Creating Type-Safe Structured Extraction with semantic.extract

The semantic.extract operator transforms unstructured text into structured data using Pydantic schemas. This provides type-safe extraction where you define your desired output structure once and get validated results consistently.

Consider support ticket processing:

python
from pydantic import BaseModel, Field
from typing import List, Literal

class Issue(BaseModel):
    category: Literal["bug", "feature_request", "question"]
    severity: Literal["low", "medium", "high", "critical"]
    description: str

class Ticket(BaseModel):
    customer_tier: Literal["free", "pro", "enterprise"]
    region: Literal["us", "eu", "apac"]
    issues: List[Issue]

tickets = (
    df
    .with_column("extracted", fc.semantic.extract("raw_ticket", Ticket))
    .unnest("extracted")
    .filter(fc.col("region") == "apac")
    .explode("issues")
)

bugs = tickets.filter(fc.col("issues").category == "bug")
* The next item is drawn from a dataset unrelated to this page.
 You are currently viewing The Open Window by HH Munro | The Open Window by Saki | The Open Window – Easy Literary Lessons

The schema guides LLM extraction with clear structure and constraints. Pydantic's Field descriptions provide additional context:

python
class SegmentSchema(BaseModel):
    speaker: str = Field(description="Who is talking in this segment")
    start_time: float = Field(description="Start time (seconds)")
    end_time: float = Field(description="End time (seconds)")
    key_points: list[str] = Field(description="Bullet points for this segment")
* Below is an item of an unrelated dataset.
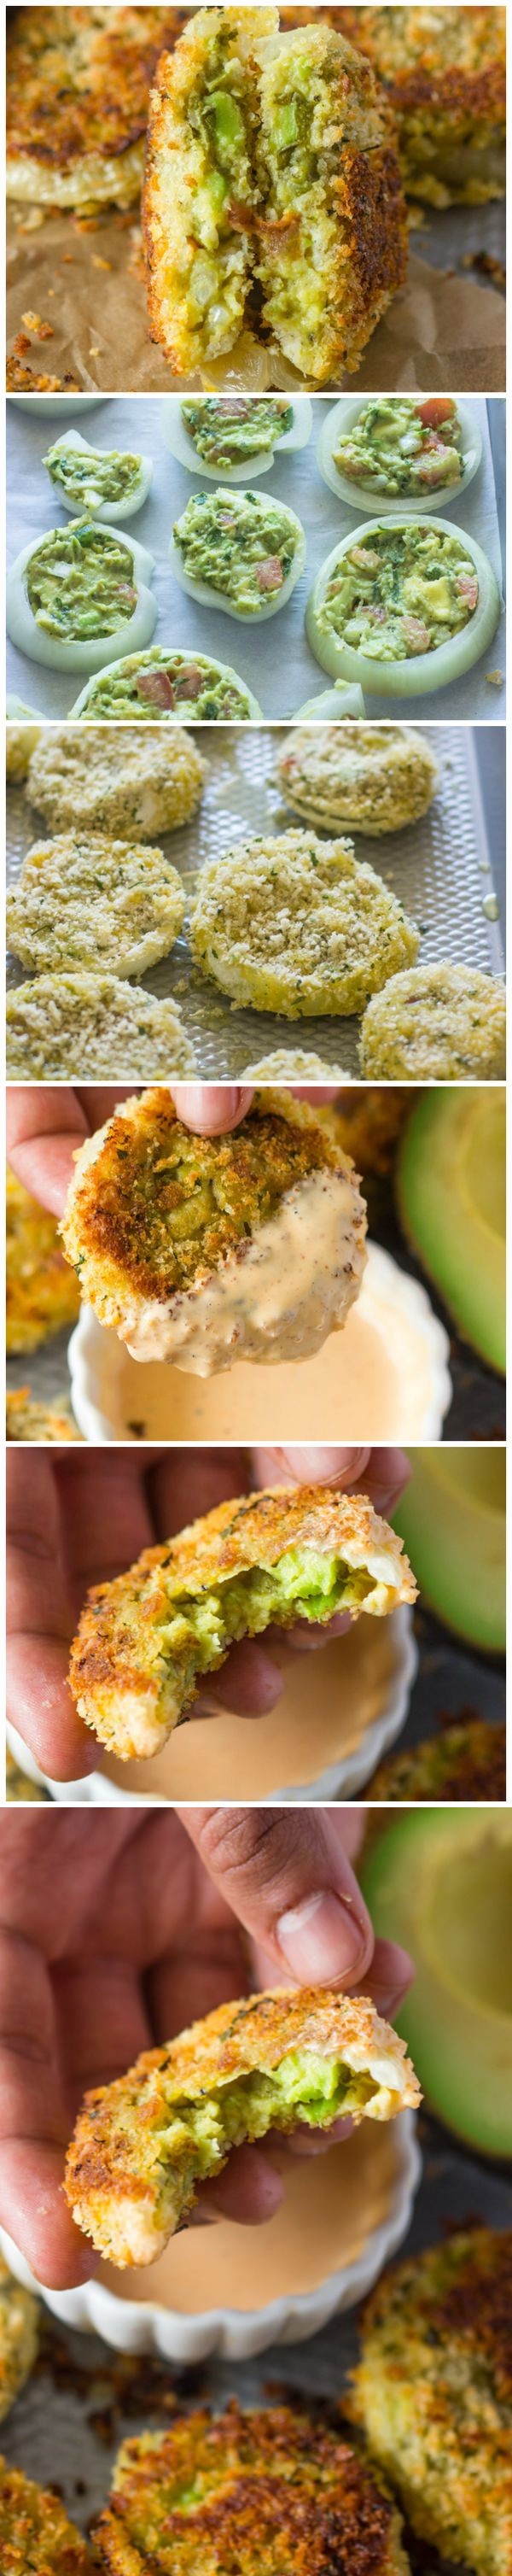 Baked Guacamole Stuffed Onion Rings with Chipotle Dipping Sauce

After extraction, the data becomes structured and you can filter, aggregate, and transform using standard DataFrame operations. The unnest operation flattens nested Pydantic models into columns, while explode expands lists into separate rows—enabling seamless transitions between nested and flat representations.

This pattern eliminates the "extract-then-parse-JSON-then-validate" dance common in traditional LLM pipelines. Fenic handles schema validation, error handling, and retries automatically, with row-level lineage for debugging when extractions fail.

Implementing Semantic Filtering with Natural Language Predicates

Semantic predicates enable filtering with natural language conditions instead of complex boolean logic:

python
applicants = df.filter(
    (fc.col("yoe") > 5) &
    fc.semantic.predicate(
        "Has MCP Protocol experience? Resume: {{resume}}",
        resume=fc.col("resume"),
    )
)

This combines traditional boolean logic with semantic understanding. The first condition uses standard column comparison, while the semantic predicate evaluates natural language criteria against unstructured text. The query engine optimizes both together—potentially filtering on the cheap boolean condition first before invoking the expensive LLM predicate.

Predicates accept template variables using Jinja syntax (double curly braces). The Jinja templating is Rust-powered as of version 0.3.0, providing dynamic, data-aware prompts with loops, conditionals, and arrays:

python
fc.semantic.predicate(
    """
    Does this feedback mention {{ search_term }}?
    {% if priority == "high" %}
    Only return true if it's a critical issue.
    {% endif %}

    Feedback: {{ feedback_text }}
    """,
    search_term=fc.lit("UI problems"),
    priority=fc.col("priority"),
    feedback_text=fc.col("raw_feedback")
)

The template is evaluated per row, allowing row-specific logic in your prompts. This enables sophisticated filtering that adapts to each record's characteristics while maintaining the declarative DataFrame abstraction.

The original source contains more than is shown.